As the meta-information associated with each task may reveal its underlying complexity and thus help model worker behaviors, we developed a set of ML models to involve this metadata in the inference process. Models were trained based on quintuple F: (W,I,M,t,l), where W = {w,...,w} represents labels collected from AMT workers, I = {MV,DS,RY,GLAD} denotes the results of inference models, and M denotes metadata associated with each tweet including time (ie, weekday, month, and daytime), gender, age group, and the source of the tweet (ie, organization vs real people). The text of each tweet is presented by t, and l denotes the truth label. To mitigate the risk of biased results caused by a specific learning algorithm and overcome the overfitting problem, we developed and evaluated 5 standard ML classifiers with different architectures, including generalized linear (logistic regression [LR]), kernel-based (support vector machines [SVM]), decision-tree–based (random forest and XGBoost), and sample-based (K-nearest neighbors [KNN]) classifiers. Moreover, to incorporate textual features into our analysis, we developed a hybrid DL architecture in which a CNN based on long short-term memory (LSTM) learns textual data t and a multilayer perceptron deep neural network learns metadata (W,J,M). The cleaned text, represented as an integer-encoded vector, is converted into pretrained tweet word embeddings using GloVe [32] (containing 2 billion tweets, 27 billion tokens, and 1.2 million vocabularies) in the embedding layer. The output of this layer is passed through an LSTM layer for sequence modeling, followed by 1 dropout layer to avoid overfitting and 2 dense ReLU (Rectified Linear Unit) layers. Simultaneously, the metadata of each tweet is passed through 3 fully connected layers with ReLU activation. The outputs of these networks are concatenated into a dense layer, followed by 2 fully connected dense layers, terminating at an output layer with softmax activation, cross-entropy loss, and the adam optimizer. A high-level presentation of this architecture is shown in Figure 2.

Figure 2

The pipeline of the deep learning model used to predict labels using both textual information and meta-information. LSTM: long short-term memory.

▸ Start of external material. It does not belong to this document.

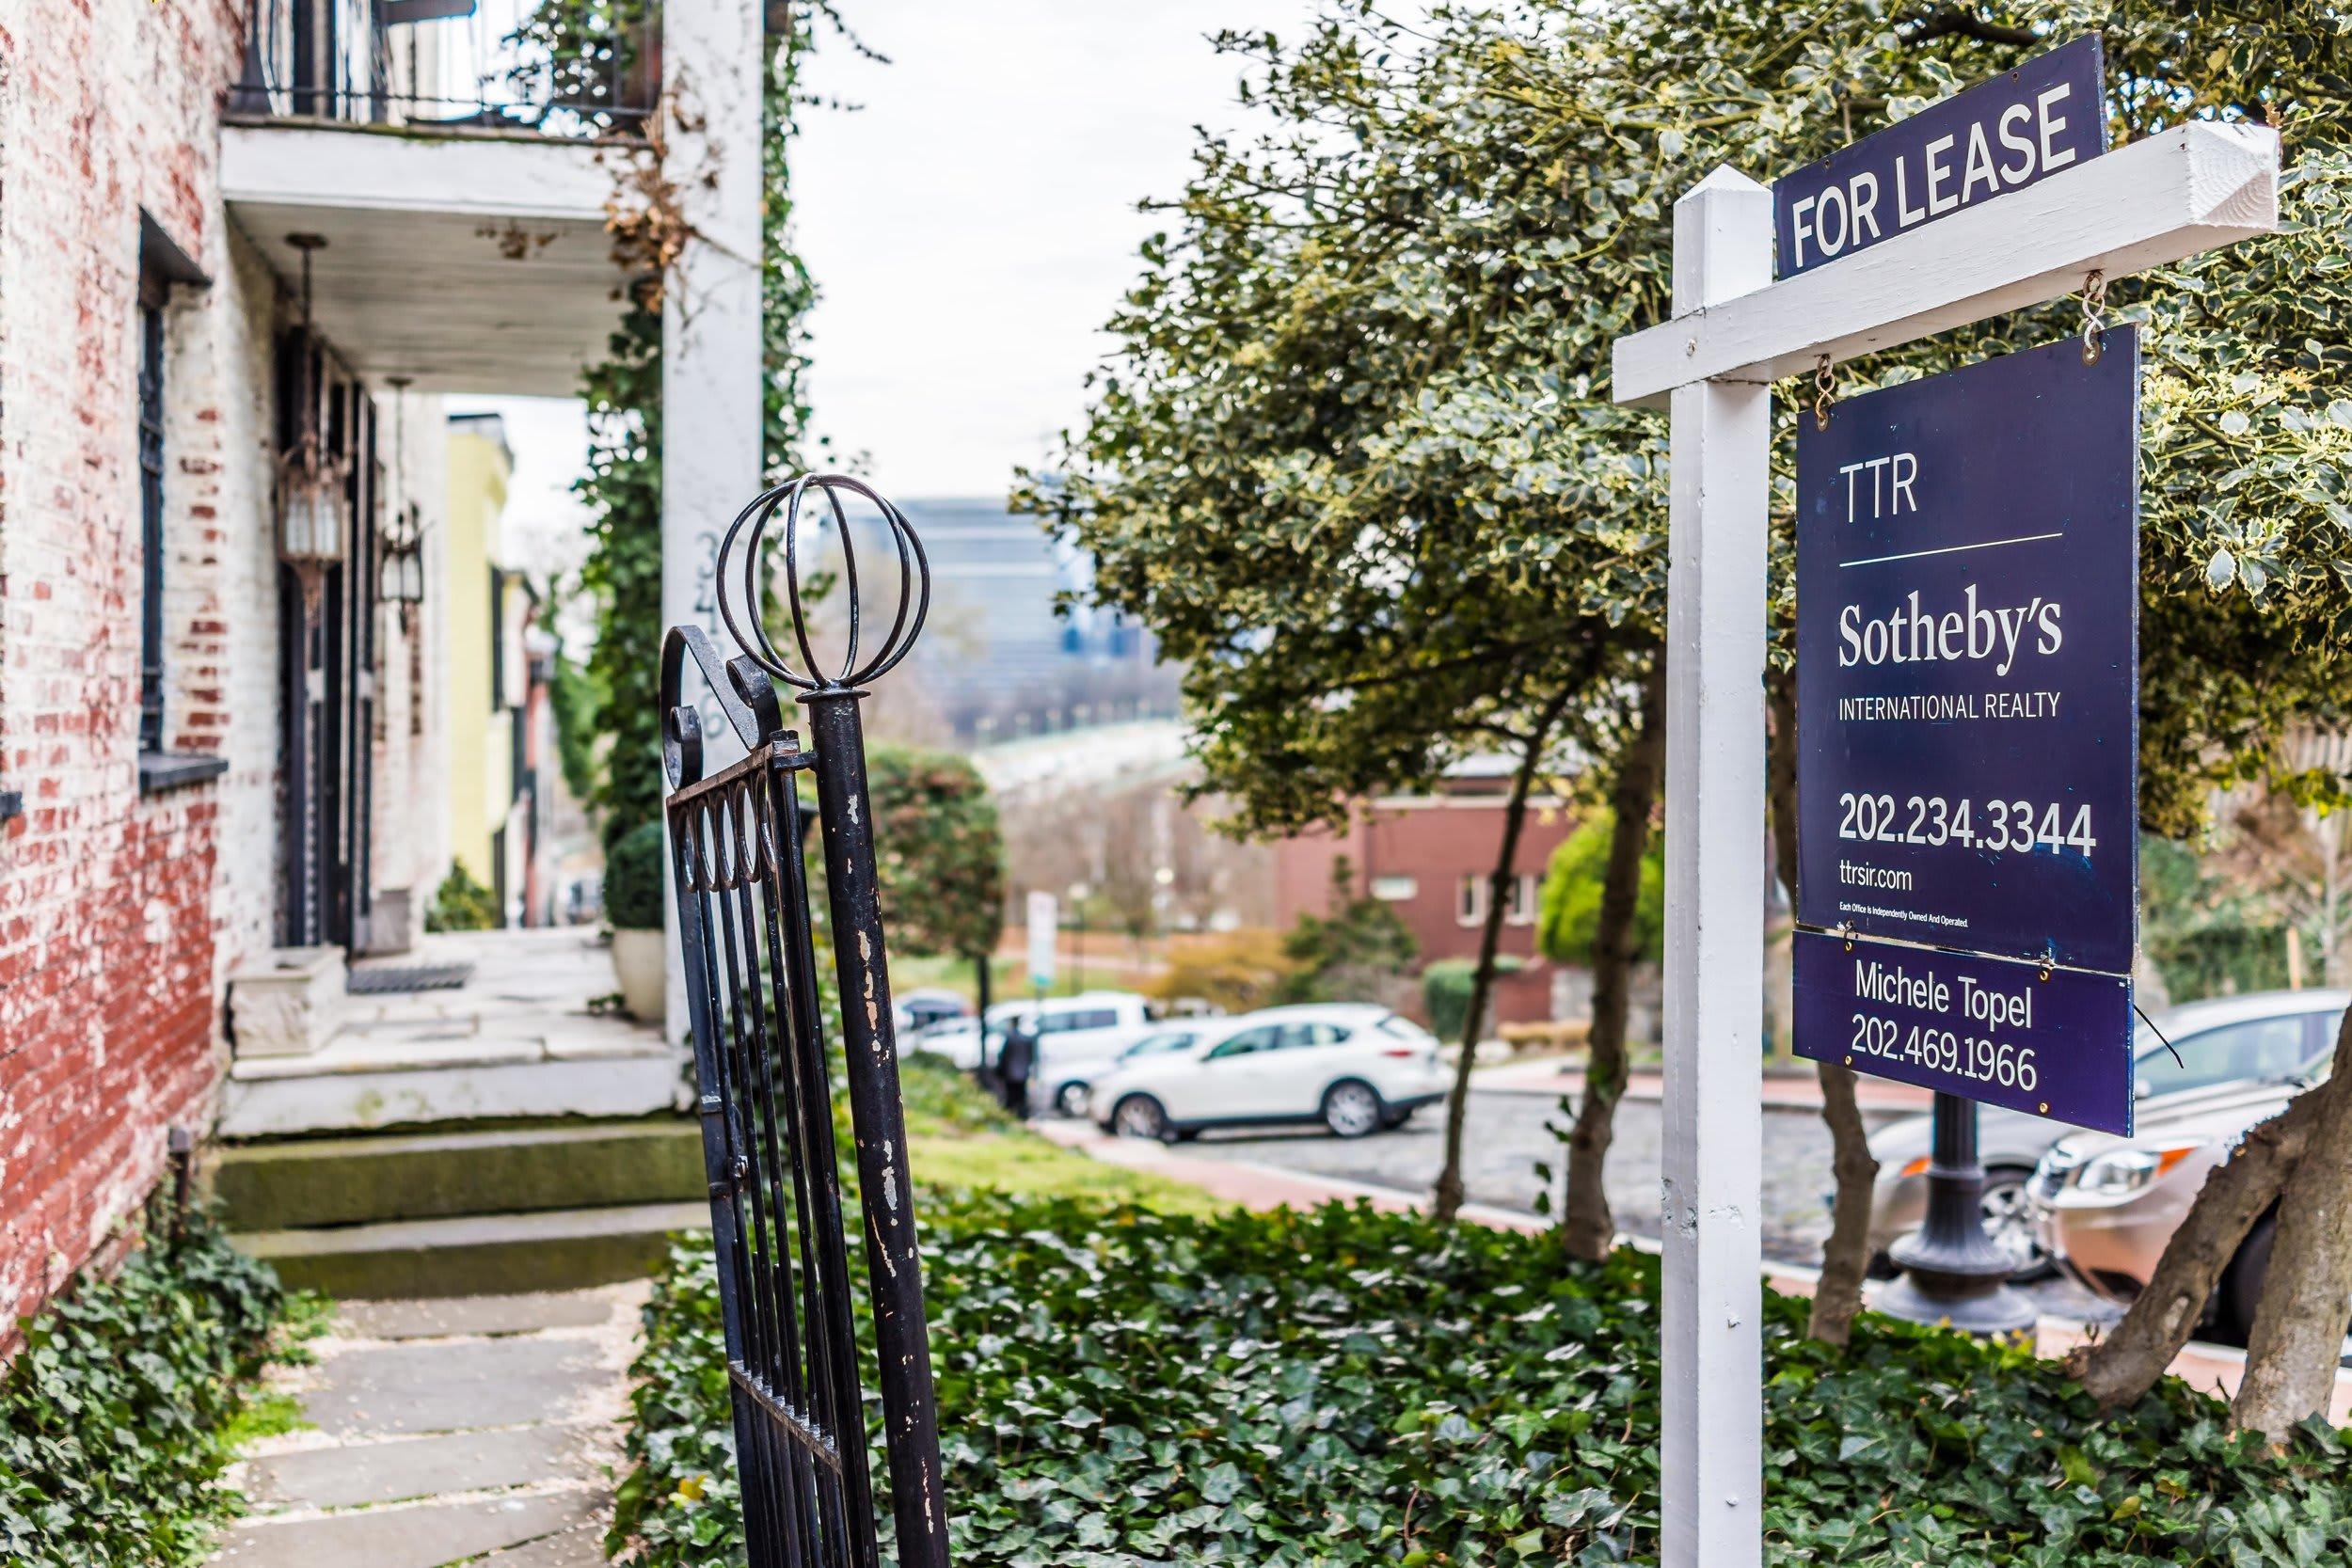 Updater Joins Sotheby's International Realty Marquis PrivilegesSM Program

The pipeline of the deep learning model used to predict labels using both textual information and meta-information. LSTM: long short-term memory. To counter the bias caused by class imbalance, for both multiclass and binary classification tasks, we used the class-weight approach to incorporate the weight of each class into the cost function by assigning higher weights to minority classes and lower weights to the majority classes. We also used the SMOTE (Synthetic Minority Oversampling Technique-Nominal Continuous) [33] approach to oversample the minority classes by creating synthetic samples based on their feature space. However, we did not notice much difference between using and not using the synthetic minority oversampling technique. Thus, our final models were trained using the class-weight approach. The hyperparameters for each method were determined using a nested 10-fold cross-validation Bayesian optimization [34]. As the main goal of both supervised and unsupervised label inference models was to minimize the number of false-negative and false-positive inferences, to evaluate the models developed in this study, we used precision, recall, F1, and precision-recall area under the curve (AUCPR) metrics. All the computations and predictive models were implemented using Python 3.7 with TensorFlow 2.0 [35], Keras [36], and Scikit-learn [37] libraries. To facilitate the replication of our study, the code repository of this study is publicly available on GitHub [38].

Results

Raw Labels From AMT Workers

In total, 610 unique workers participated in our data labeling tasks and completed 103,911 HITs, from which 5189 HITs were removed as they did not receive 3 valid answers. We approved 98,722 tasks for further analysis. Most workers (530/610, 86.9%) completed <100 HITs, of which 164 completed only 1 HIT. Among the workers who completed >5000 HITs, 1 worker completed 21,801 HITs and 3 workers completed between 5000 and 10,000 HITs (Figure 3). The calculated LC for each PASS category for multiclass labeling was 0.54, 0.58, and 0.55 and for binary labeling was 0.75, 0.77, and 0.74 (Table 1). This implies a high level of label inconsistency, prompting the need for further label quality analysis for the development of ML models.

Figure 3

The number of workers who completed different numbers of human intelligence tasks (HITs). Most workers completed a relatively small number of HITs.

Table 1

Details of the collected labels and label consistency (LC) score for each of the physical activity, sleep quality, and sedentary behavior categories. LC ranges from 0 to 1, and the values close to 1 show more consistency among workers’ input.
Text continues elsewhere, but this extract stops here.